5 Ways to Determine Good Quality Cashmere

Cashmere is known for its incredibly soft and warm yet lightweight and breathable qualities, making it a must-have fabric for any fall and winter closet. Higher grade cashmere is also very durable and elastic so it holds its shape well over time, allowing the wearer to enjoy its high quality and warmth for years to come. 

However, these qualities along with the complicated, time and labor-intensive cashmere production methods make the material very expensive. It is normal to see cashmere sweaters in luxury designer retail stores priced at several hundred, even a thousand dollars. Prices vary on the type of cashmere fabric, as well as the quality of construction.

The quality of cashmere is strongly dependent on the origin of the product, but also on the fineness and fiber length of the material. Long and fine cashmere fibers are used for high-quality fabric.

The word Cashmere is so widely used, here are the different materials that you might encounter in the market as Cashmere

Viscose: The most frequent imitation. Soft fabric, smooth to the touch, and slightly shiny. It wrinkles easily. 

Acrylic: soft synthetic fabric that tends to wrinkle, pill, and accumulate static.

Cashmere Silk: tightly woven, soft, and slightly shiny, complete with braided fringes. It is a natural and pleasant material but less expensive than pure Pashmina. 

Wool: sheep wool can be woven into diamond patterns and chemically made ​​softer. It is the imitation that is most difficult to tell apart from real pashmina. However, the fiber is less soft, less light, and less hot. And cheaper! But it is still a natural fiber.

Machine woven cashmere: It is not a cashmere strictly speaking since it is not woven by hand but woven industrially with Mongolian cashmere which has been added with a nylon thread to make it more resistant to the tension of the machine. This nylon thread is then dissolved in a chemical bath. Its appearance and touch are almost identical to that of a pashmina: only a very trained eye manages to recognize it.

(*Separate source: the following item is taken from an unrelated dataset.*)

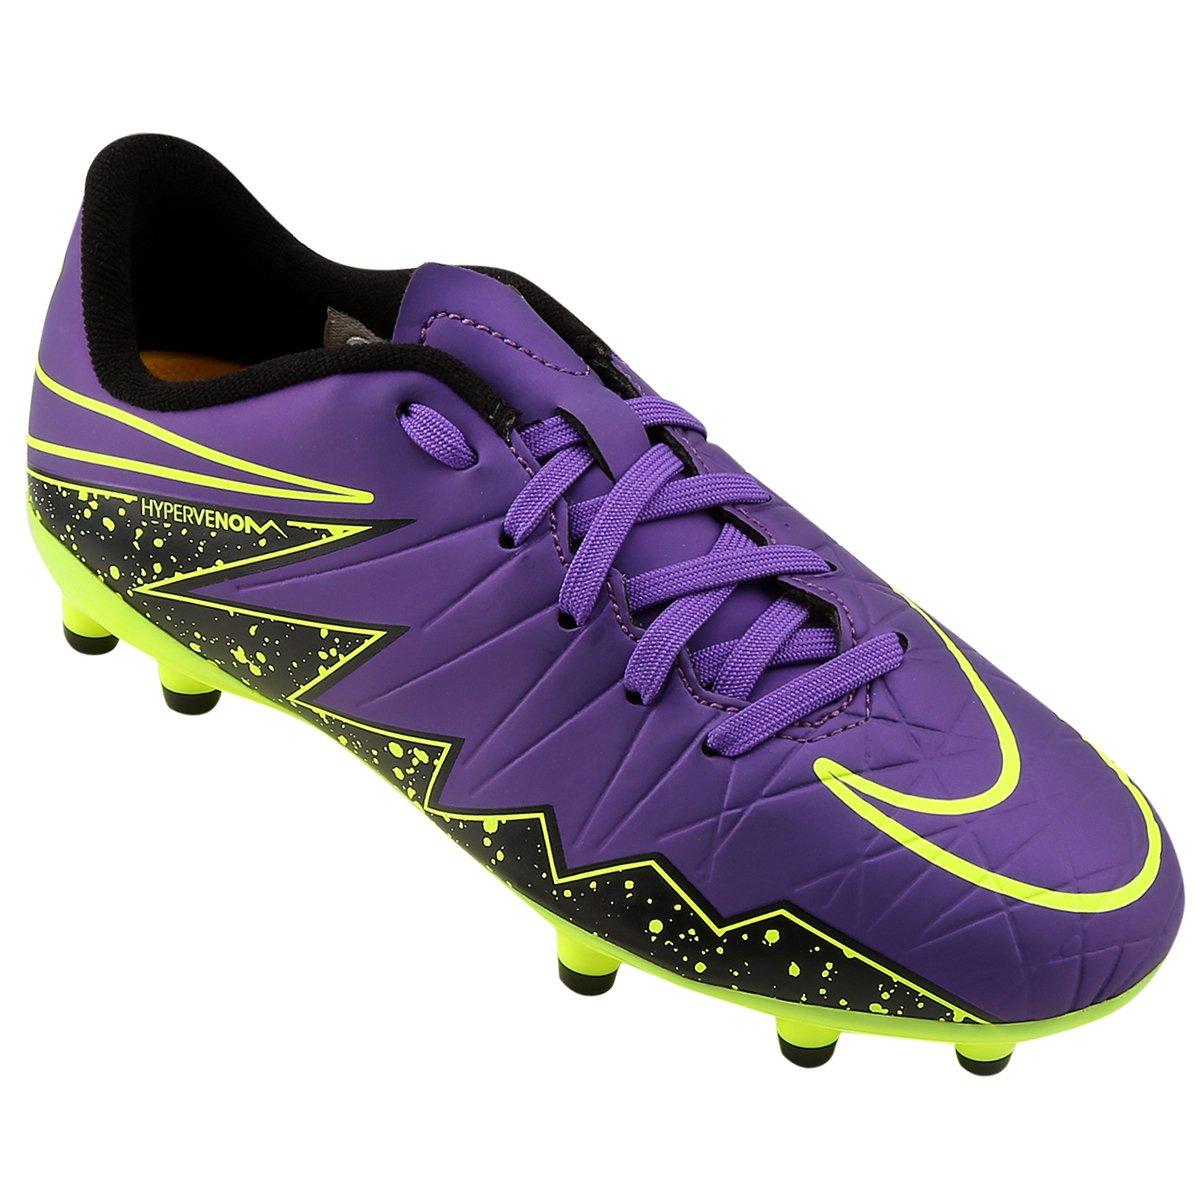 eae04e7705 Chuteira Nike Hypervenom Phelon 2 FG Infantil
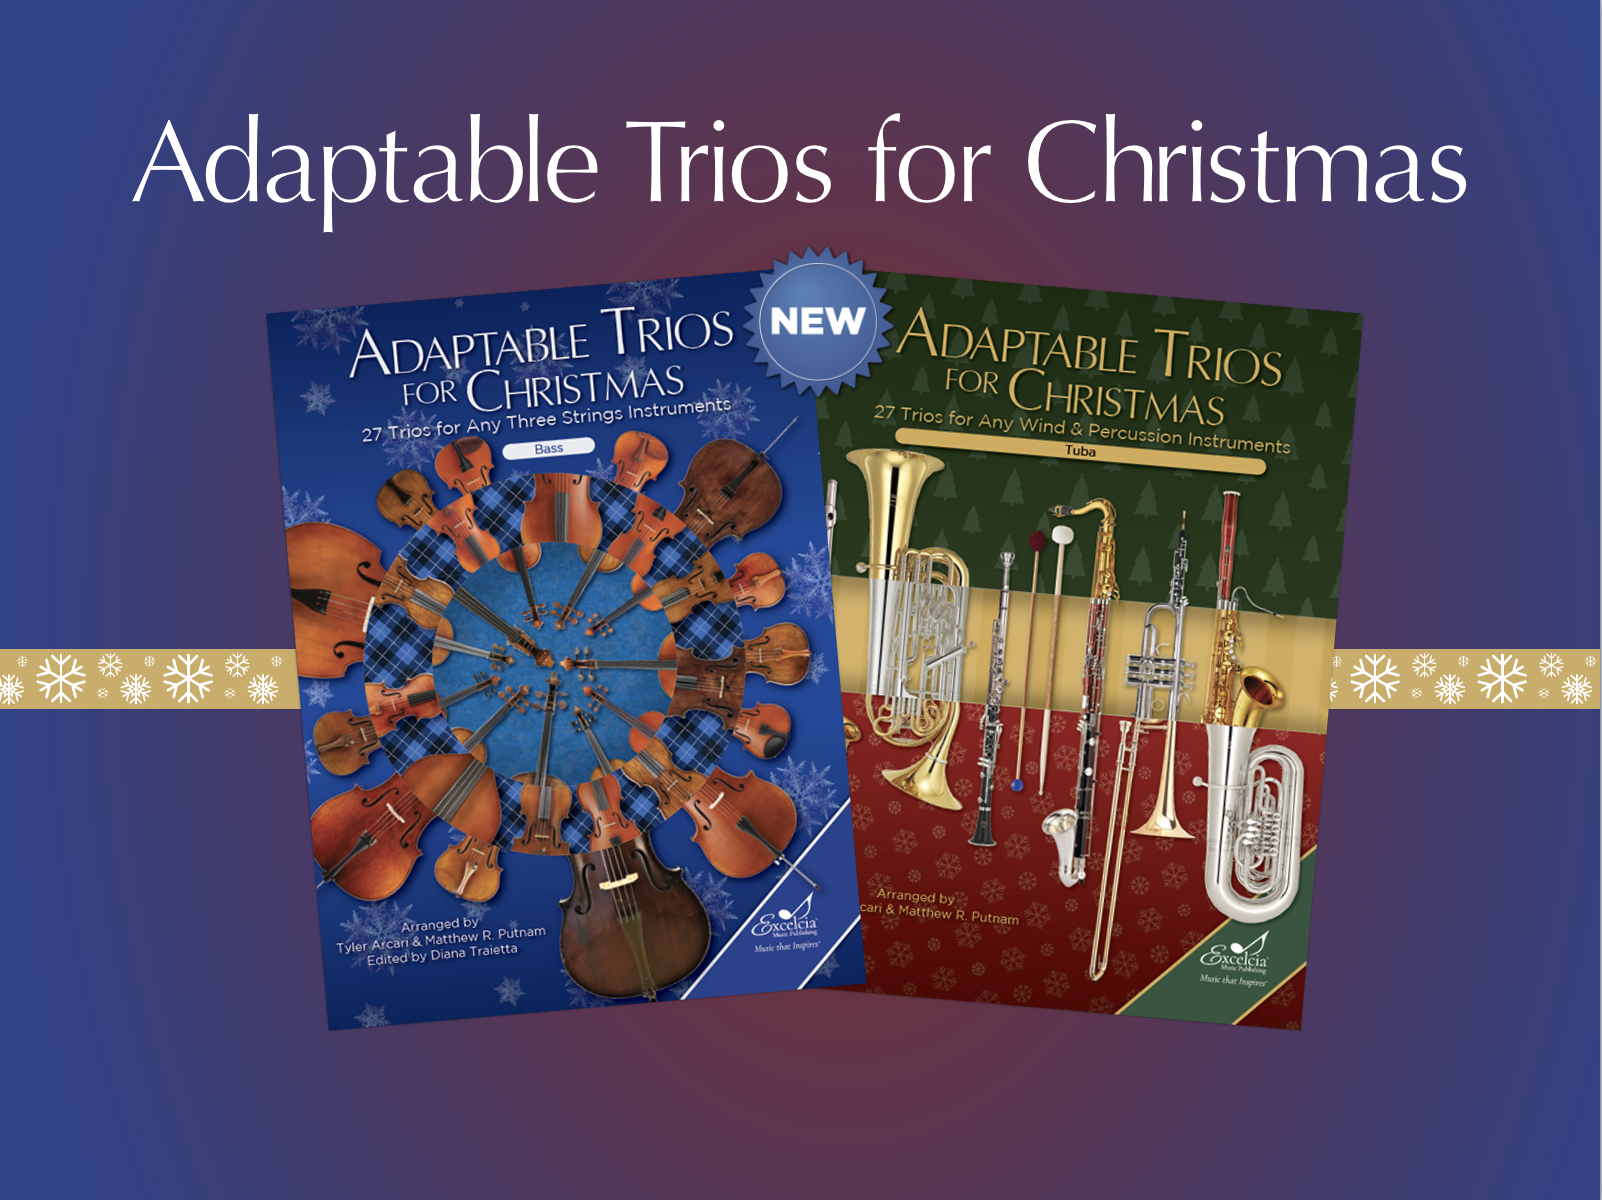 Adaptable Trios for Christmas

Identifying the difference between cashmere and viscose is more difficult than it seems. Both fibers are remarkably soft. Cashmere is significantly more expensive, more durable, and much warmer than viscose.

Both viscose and cashmere can produce very soft fabrics. But cashmere is quite matt, without shine or shimmer. Viscose fibers have a remarkable sheen, especially when examined in strong light.  Viscose fibers rarely tend to pill. When you touch cashmere clothing for the first time, the surface should feel warm. At least you can tell very obvious counterfeits by the fact that they feel cool on the skin and shine slightly.

If the fabric is cold and slightly shiny, it is certainly viscose. This inferior synthetic fiber is often used in Turkish, Indian, and Chinese imitations because it is easy to produce and very cheap. If, on the other hand, the fabric feels warm, then that speaks for cashmere!

Good cashmere clothing has a very close-meshed structure. Because the looser the meshes, the less wool was used and the more savings the manufacturer wants to make. So tightly woven fabric is a criterion that you can be quite meaningful.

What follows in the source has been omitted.